Module code: MATM032

Module provider

Mathematics

BRIDGES TJ Prof (Maths)

Number of Credits

15

ECTS Credits

7.5

Framework

FHEQ Level 7

JACs code

G130

Module cap (Maximum number of students)

N/A

Module Availability

Semester 2

Independent Study Hours: 117

Lecture Hours: 33

Assessment pattern

Assessment type Unit of assessment Weighting
Examination EXAMINATION 75
School-timetabled exam/test CLASS TEST 1 (50 MINS) 10
School-timetabled exam/test CLASS TEST 2 (50 MINS) 15

Alternative Assessment

N/A

Prerequisites / Co-requisites

MAT3008/MAT3031 Lagrangian and Hamiltonian Dynamics

Module overview

This module applies Lagrangian and Hamiltonian dynamics to physical systems with symmetry.

Module aims

The module aims to extend students' knowledge of mechanics by considering systems with symmetry and their conservation laws.

Learning outcomes

Attributes Developed
1 Demonstrate understanding of mechanical systems on Lie groups, along with their symmetry properties. K
2 Interpret and apply variational principles in mechanics, and quote and apply the Euler-Poincare reduction theorem. KCT
3 Calculate momentum maps, and prove/disprove their conservation using symmetry arguments. KC

Attributes Developed

C - Cognitive/analytical

K - Subject knowledge

T - Transferable skills

P - Professional/Practical skills

Module content

Topics covered will include some or all of:

Elements of multi-linear algebra, differential geometry and Lie group actions.

Euler-Poincaré variational principles (with and without symmetry breaking)

Legendre transform and symplectic spaces

Conservation laws: momentum maps and Noether's theorem

Lie-Poisson structures (with and without symmetry breaking)

Applications: rigid bodies, heavy tops, quantum dynamics, magnetic fields, etc.

Infinite dimensions: diffeomorphism groups and applications to fluids/plasmas

Methods of Teaching / Learning

Teaching is by lectures, 3 hours per week for 11 weeks. Extensive notes are provided.

Learning takes place through lectures, exercises and class tests.

Assessment Strategy

The assessment strategy is designed to provide students with the opportunity to demonstrate:

Understanding of fundamental concepts and ability to develop and apply them to a new context.

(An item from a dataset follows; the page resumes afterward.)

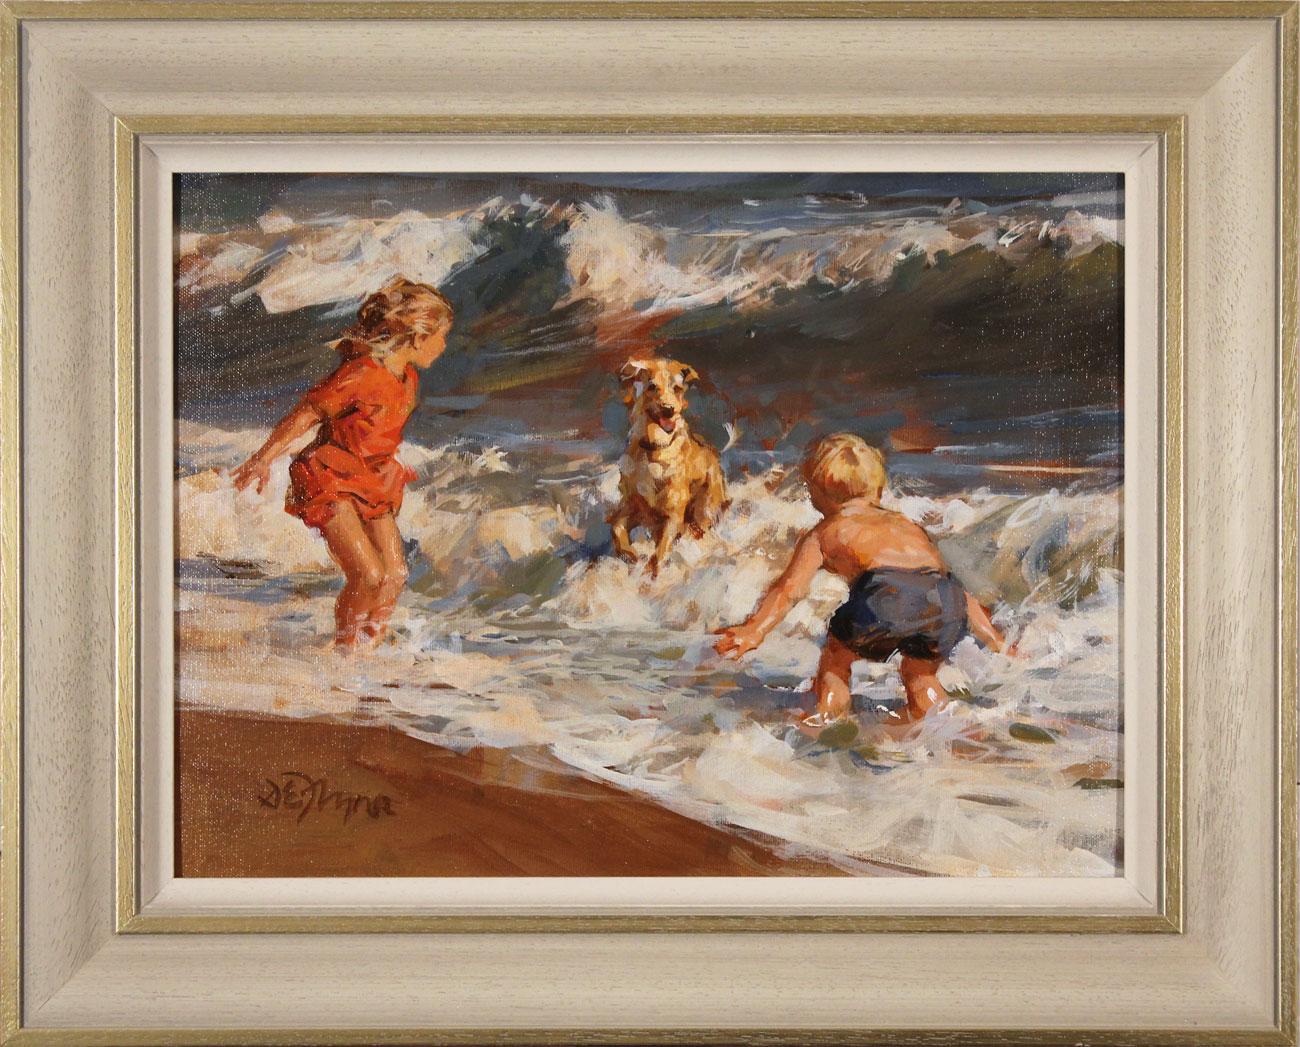 Dianne Flynn, Original acrylic painting on board, Splash! Click to enlarge
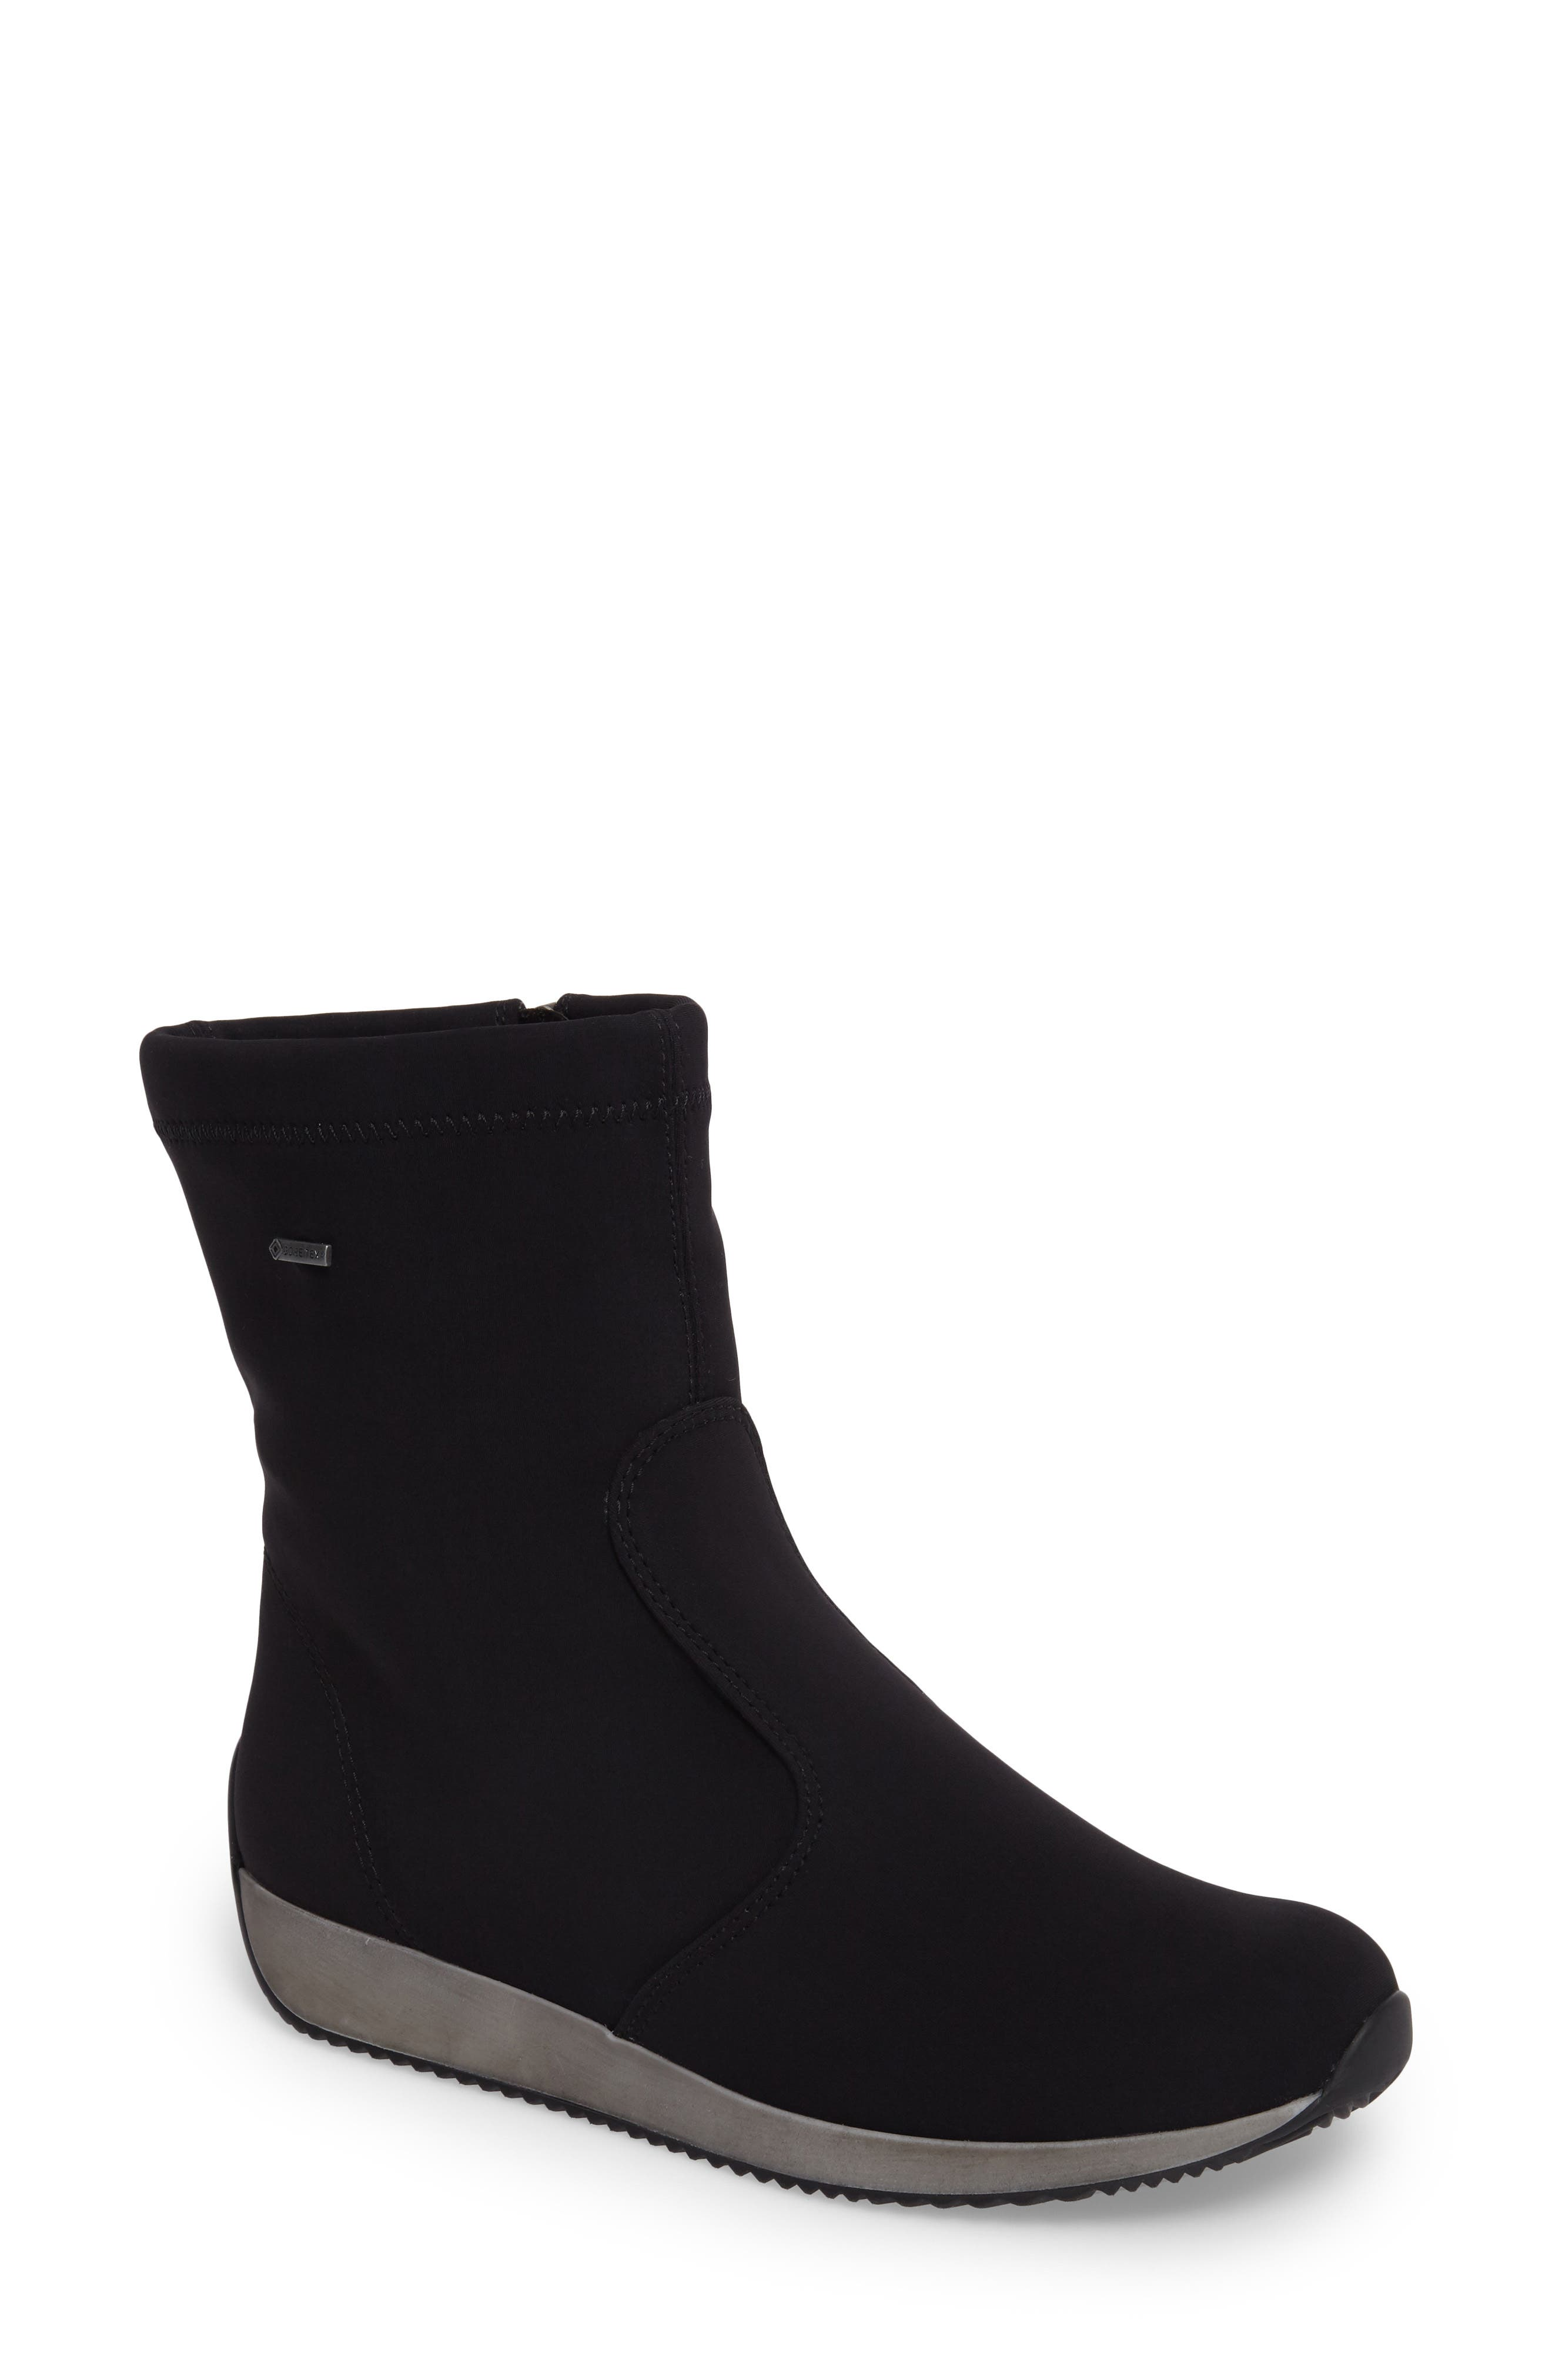 Luella Waterproof Gore-Tex<sup>®</sup> Boot,                             Main thumbnail 1, color,                             Black Textile

Subject knowledge through recall of key definitions, formulae and derivations.

Analytical ability through the solution of unseen problems in the test and examination.

Thus, the summative assessment for this module consists of:

One two hour examination at the end of the semester, worth 75% of the overall module mark

two fifty minute class tests, the first worth 10% and the second worth 15%

Formative assessment and feedback

Students receive written feedback via the marked class tests.  The solutions to the class tests are also reviewed in the lecture.  Un-assessed courseworks are also assigned to the students, and a sketch of solutions to these are provided.  Verbal feedback is provided during lectures and office hours.